There was a time when the Washington Post would never have pointed out Bushit such as we heard from the Madman-in-Chief yesterday.
Times have changed:
President Bush and his national security adviser have answered critics of the Iraq war in recent days with a two-pronged argument: that Congress saw the same intelligence the administration did before the war, and that independent commissions have determined that the administration did not misrepresent the intelligence.
Neither assertion is wholly accurate.
The administration's overarching point is true: Intelligence agencies overwhelmingly believed that Saddam Hussein had weapons of mass destruction, and very few members of Congress from either party were skeptical about this belief before the war began in 2003. Indeed, top lawmakers in both parties were emphatic and certain in their public statements.

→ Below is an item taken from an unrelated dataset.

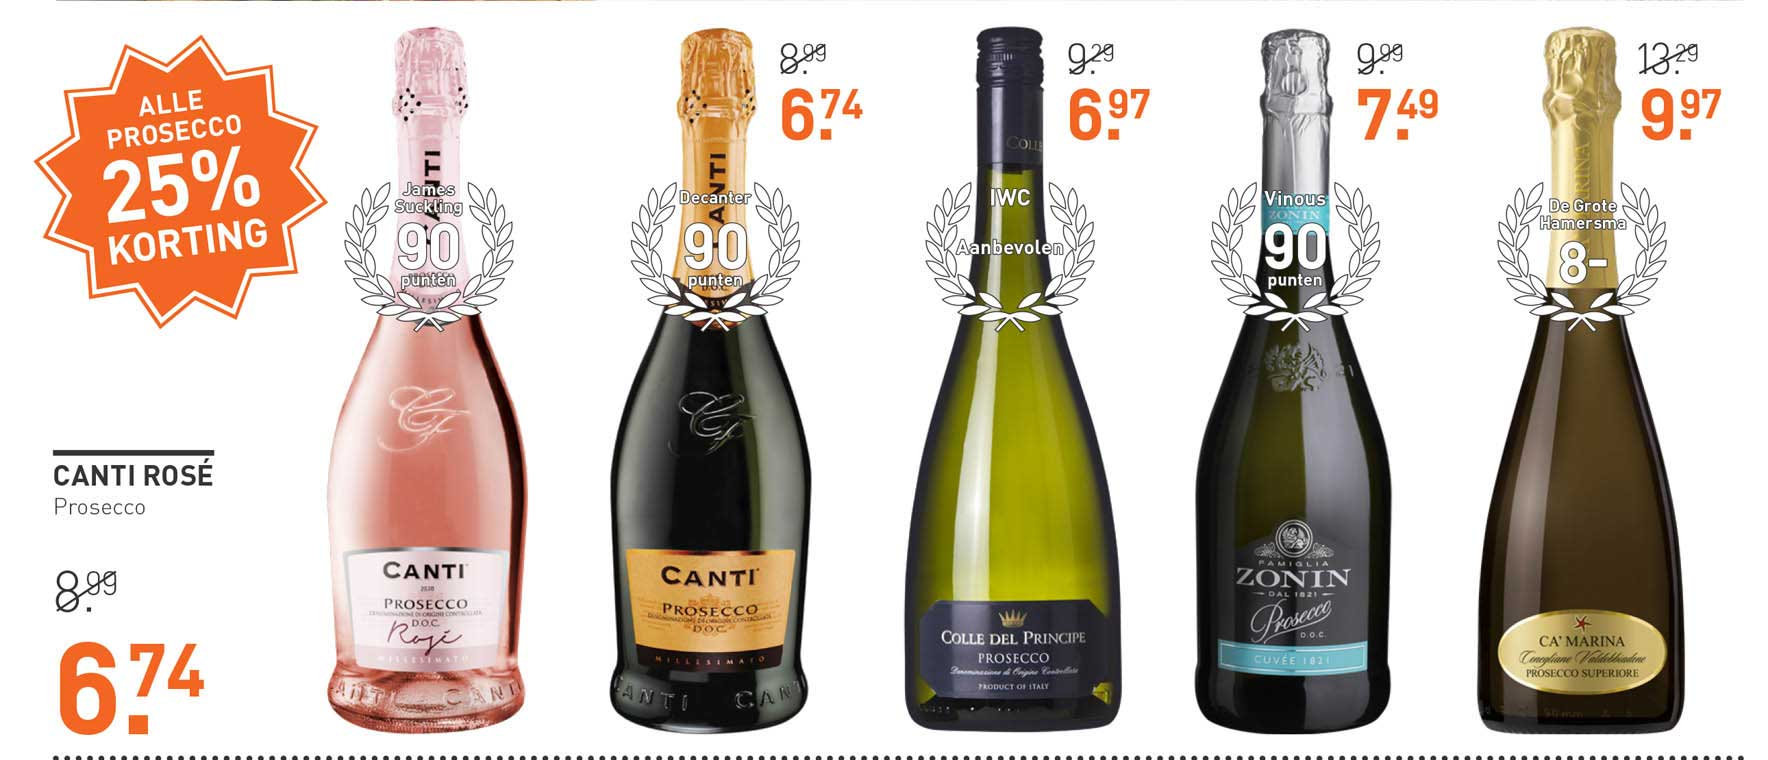 Gall & Gall Canti Rosé Prosecco 25% Korting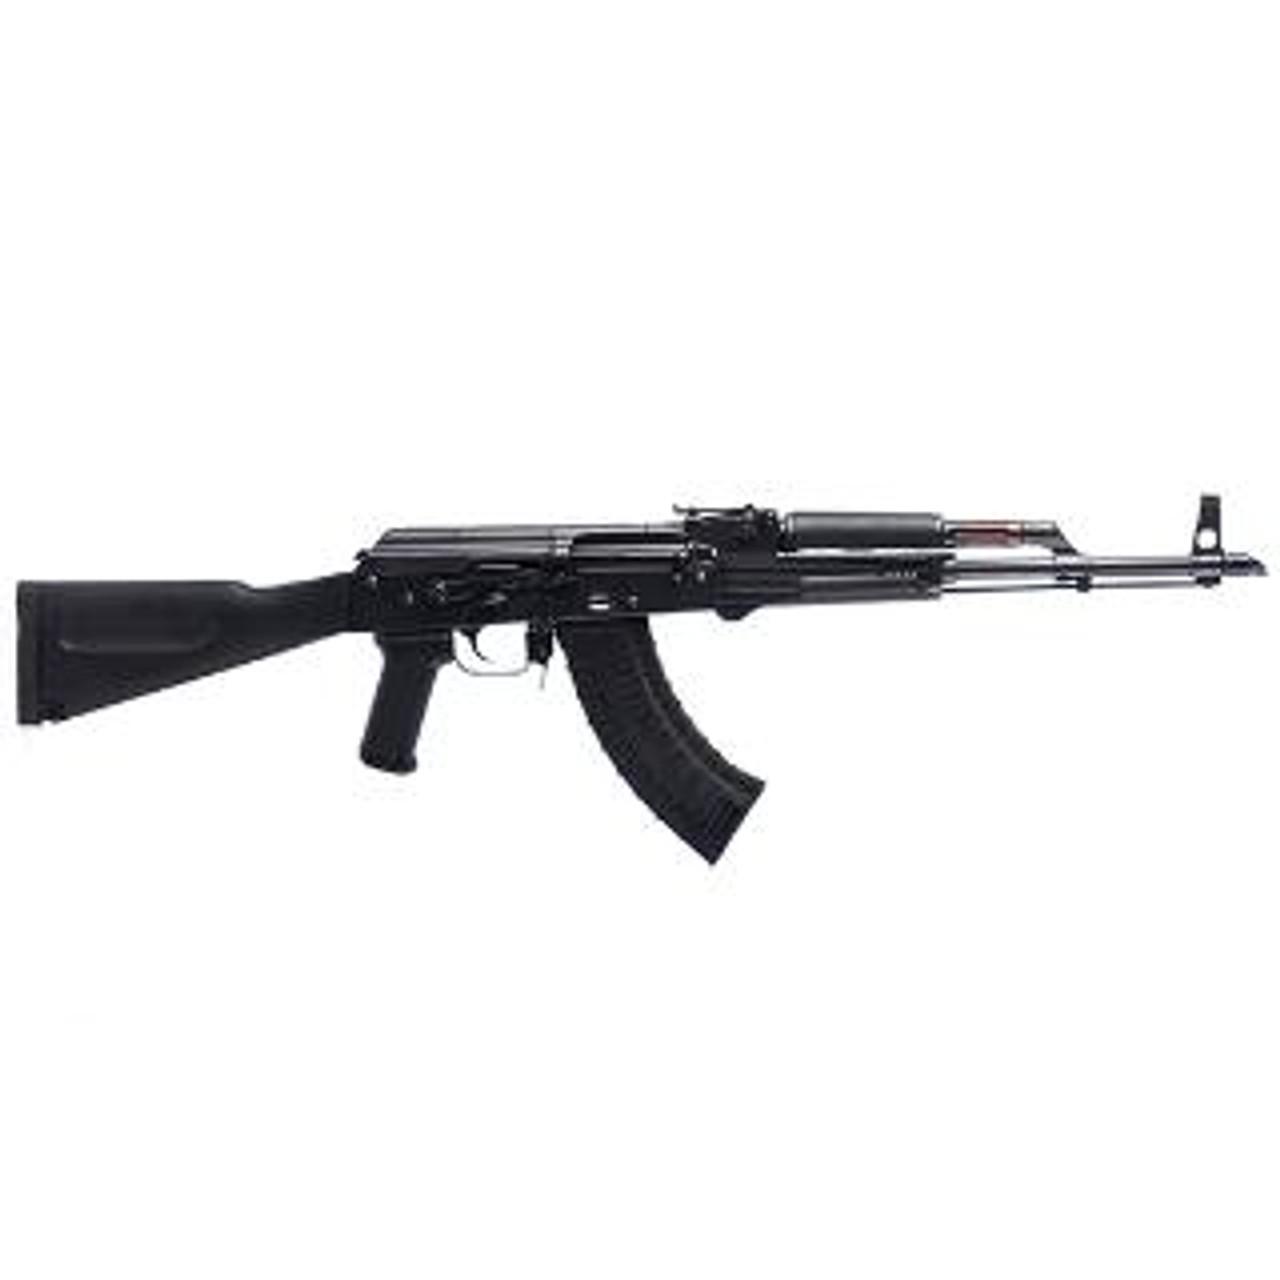 Riley Defense RAK47-P AK47 Polymer CALIFORNIA LEGAL - 7.62x39

But Bush and his aides had access to much more voluminous intelligence information than did lawmakers, who were dependent on the administration to provide the material. And the commissions cited by officials, though concluding that the administration did not pressure intelligence analysts to change their conclusions, were not authorized to determine whether the administration exaggerated or distorted those conclusions.
There's too much good stuff here to excerpt all of it, so go read the whole thing.
None of this exonerates the spineless Democrats who voted to authorize this war when hundreds of thousands of people who marched in New York City and elsewhere before the war started knew that the Bush Administration's claims were outright lies, ESPECIALLY John Kerry, who made an impassioned speech about the rush to war -- and then voted for it anyway, because he was too cowed by this Administration to do what's right.
However, for the Bush Administration to point its fingers at Democrats for its own corrupt decision-making apparatus is appalling for an administration which came to office promising accountability with adults in charge.